杨莲亭顿时吃了一惊,急声道:“少教主这般,属下如何敢当?”曲非烟直起身来,嫣然一笑,道:“不过只是区区一礼,又有何当不得的?”
杨莲亭沉默片刻,低声道:“少教主,请恕属下直言。这段时间教主既升了我的职司,又命我代掌教务,神教高层中已有了些不好的传闻,若少教主此举被有心之人看见,恐是不好……”说到此处,竟是翻身跪倒,垂首道:“属下自是对教主和少教主忠心不贰,只是人言可畏——还是请少教主撤去属下的职司罢。”

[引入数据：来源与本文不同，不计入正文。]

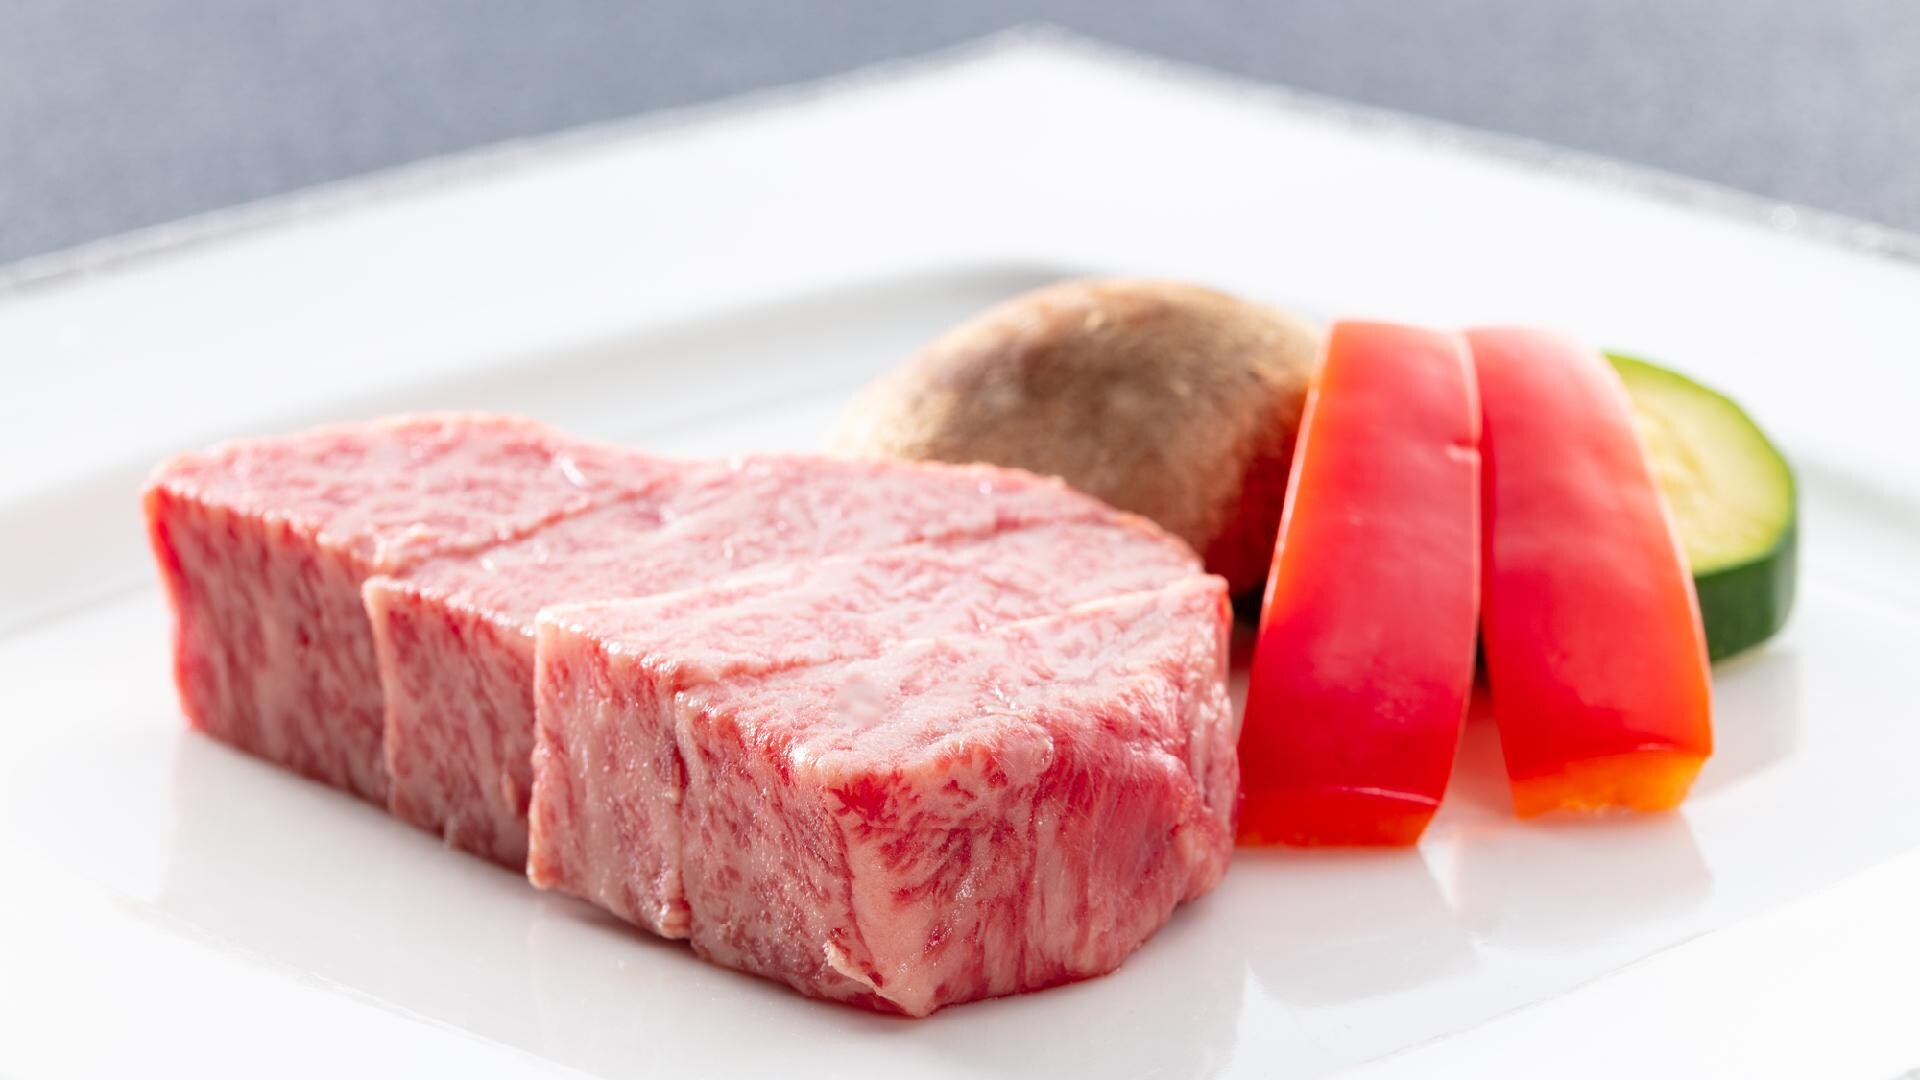 Image of Shinshu beef steak

曲非烟见他如此,不由心中惭愧,忖道:“世上之人又并非全是忘恩负义之徒,我因林平之之事而对他心怀疑窦,着实是不该之极了。”淡淡一笑,伸手将他扶起,略一沉吟,道:“杨总管,今日我索性便和你说清楚了罢。这日月神教的教主之位,无论是对我也好,对师父也好,都不过是想弃之而不得的责任而已。若你当真有心做……”方说到此处,杨莲亭已骇然截口道:“请少教主慎言!”
曲非烟摇头苦笑,轻叹道:“好,我不说啦!”略略一顿,转了话题道:“嵩山之会已没有几日,你也该带着五行旗教众出发了罢。今次之事若非必要,还是以活擒为主,尽量少伤人命。”杨莲亭方松了口气,笑道:“属下知晓,属下已做好了万全的准备,绝不会令一名到会者逃离。”略顿了一下,接道:“不知少教主打算如何?”

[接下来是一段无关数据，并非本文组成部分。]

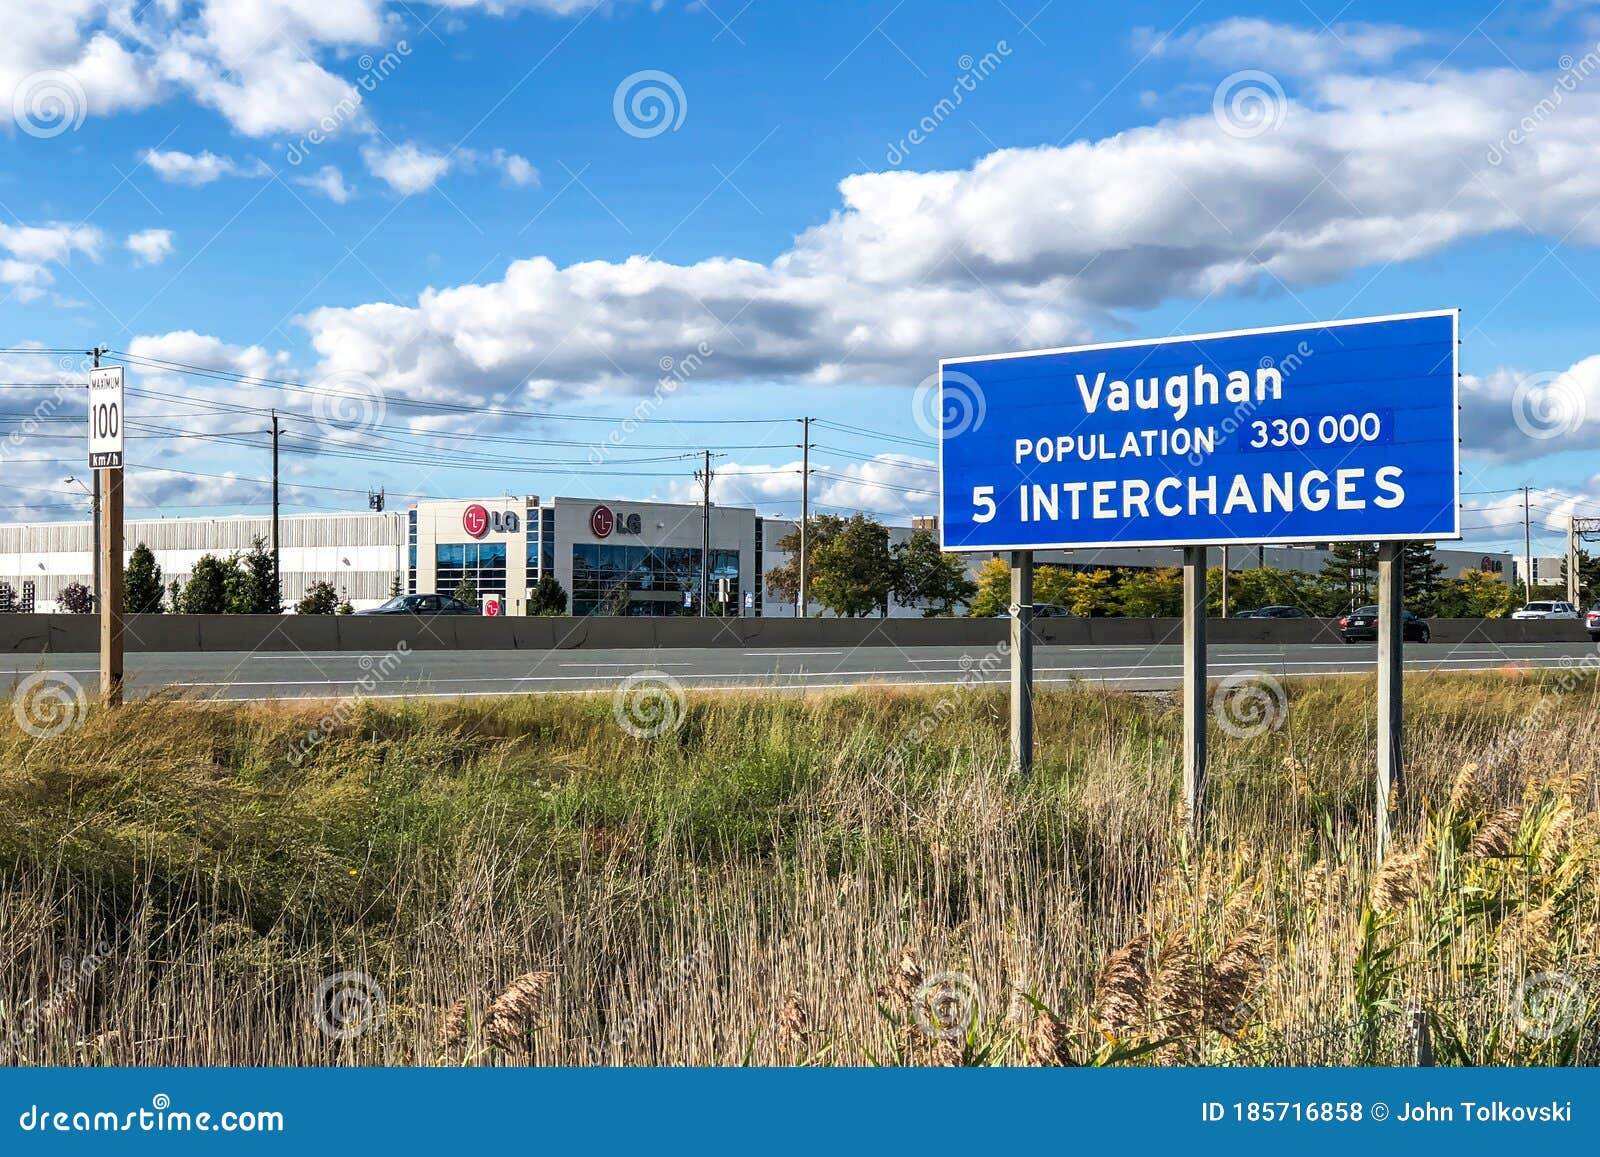 Vaughan Ontario To Toronto

曲非烟稍一沉吟,道:“师父仍在恒山未归,我与师父会合之后便直接去嵩山罢,你带着五行旗缓缓而行便是。”与杨莲亭告辞,又向恒山转来,方走出数里,便见前方官道上两匹骏马飞驰而来,前方那匹上乘的是一名青年公子,后面那匹上乘着的却是一名年轻女子,只听那女子急急叫道:“小林子,小林子,你等我一等!”

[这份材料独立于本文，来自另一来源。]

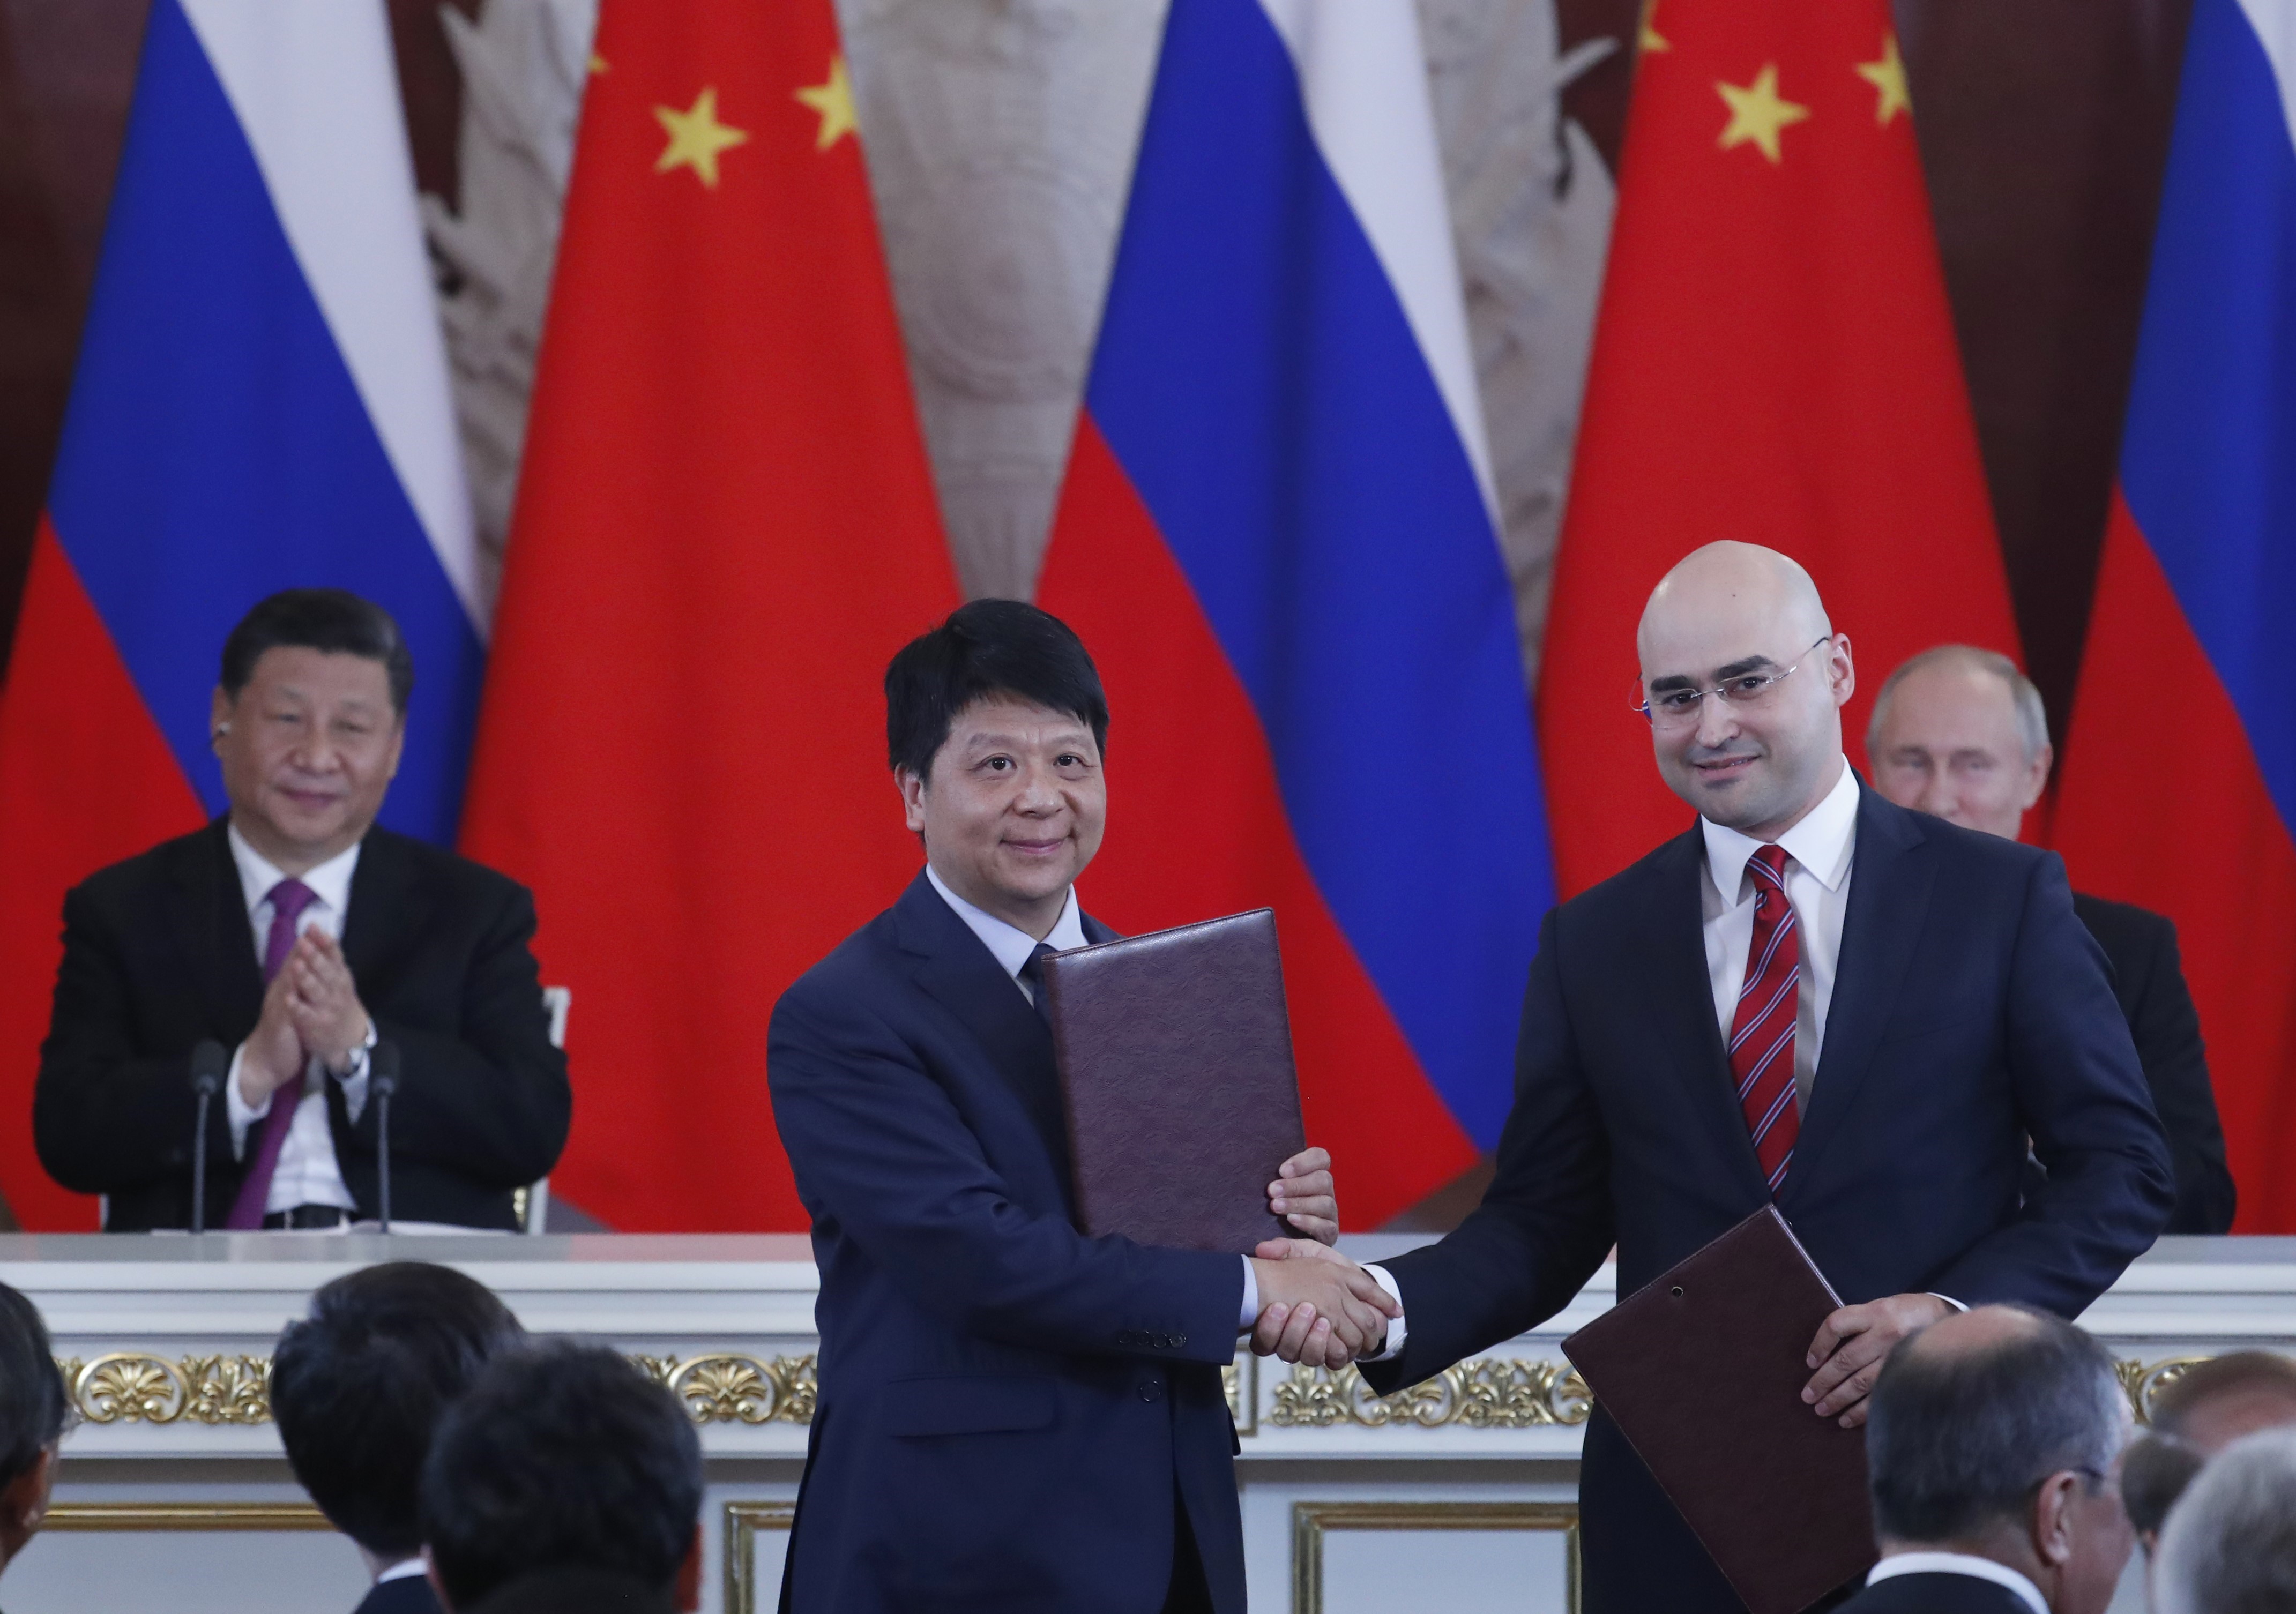 Tổng thống Nga Vladimir Putin (phải) và Chủ tịch Trung Quốc Tập Cận Bình (trái) chứng kiến lễ ký thỏa thuận hợp tác giữa Chủ tịch kiêm Giám đốc điều hành MTS Alexei Kornya (thứ 2, phải) và Chủ tịch luân phiên Huawei Quách Bình (thứ 2, trái) tại Moskva, ngày 5/6/2019. (Nguồn: AFP/TTXVN)

曲非烟怔了一下,忖道:“竟是林平之和岳灵珊?他们怎地到了此处?”她不欲与两人相见,见两人骑马行来,便闪身隐到了一旁。只见林平之勒停了奔马,转首望去,道:“我自去报我的仇,你跟来作甚?”语气颇为冷淡。岳灵珊急急道:“小林子,你说你得知了木高峰的下落,想去找他报仇……可是你,你不是……”她似乎想说“你不是他对手”,却又怕伤及林平之自尊,终究未曾把话说完。
林平之冷笑道:“你便这般看不起我么?你觉得平日我练起剑来连你也打不过,必然不是木高峰的对手,是不是?”岳灵珊道:“怎会?小林子你聪明的紧,平日里你都是让着我——”林平之默然片刻,道:“你既看见了我偷偷留书离去,为何不去告诉你爹爹,而要跟着我来?”岳灵珊低声道:“若是我去告诉了爹爹再赶来找你,便来不及啦。万一你……”说到此处,又垂首不语。
林平之望了她一眼,叹了口气,道:“师姐,其实你对我的好,我是知道的。”岳灵珊面上一红,笑道:“你干么突然这么说?你既然知道我对你好,这次便听了我的话,随我回去,好不好?”
林平之摇头道:“木高峰那厮一向神出鬼没,这次我无意间听闻了他的下落,又怎能就此放过?若是错过了这次机会,还不知要等到何时才能报仇!”岳灵珊吃了一惊,急声道:“可是你……这样罢,你先随我回去,我求爹爹妈妈出手帮你报仇!”林平之听得此言,忽然放声大笑,道:“让师父、师娘帮我报仇?”岳灵珊见他如此,不由略感害怕,低声道:“小林子,你怎么啦?我说的有哪里不对么?”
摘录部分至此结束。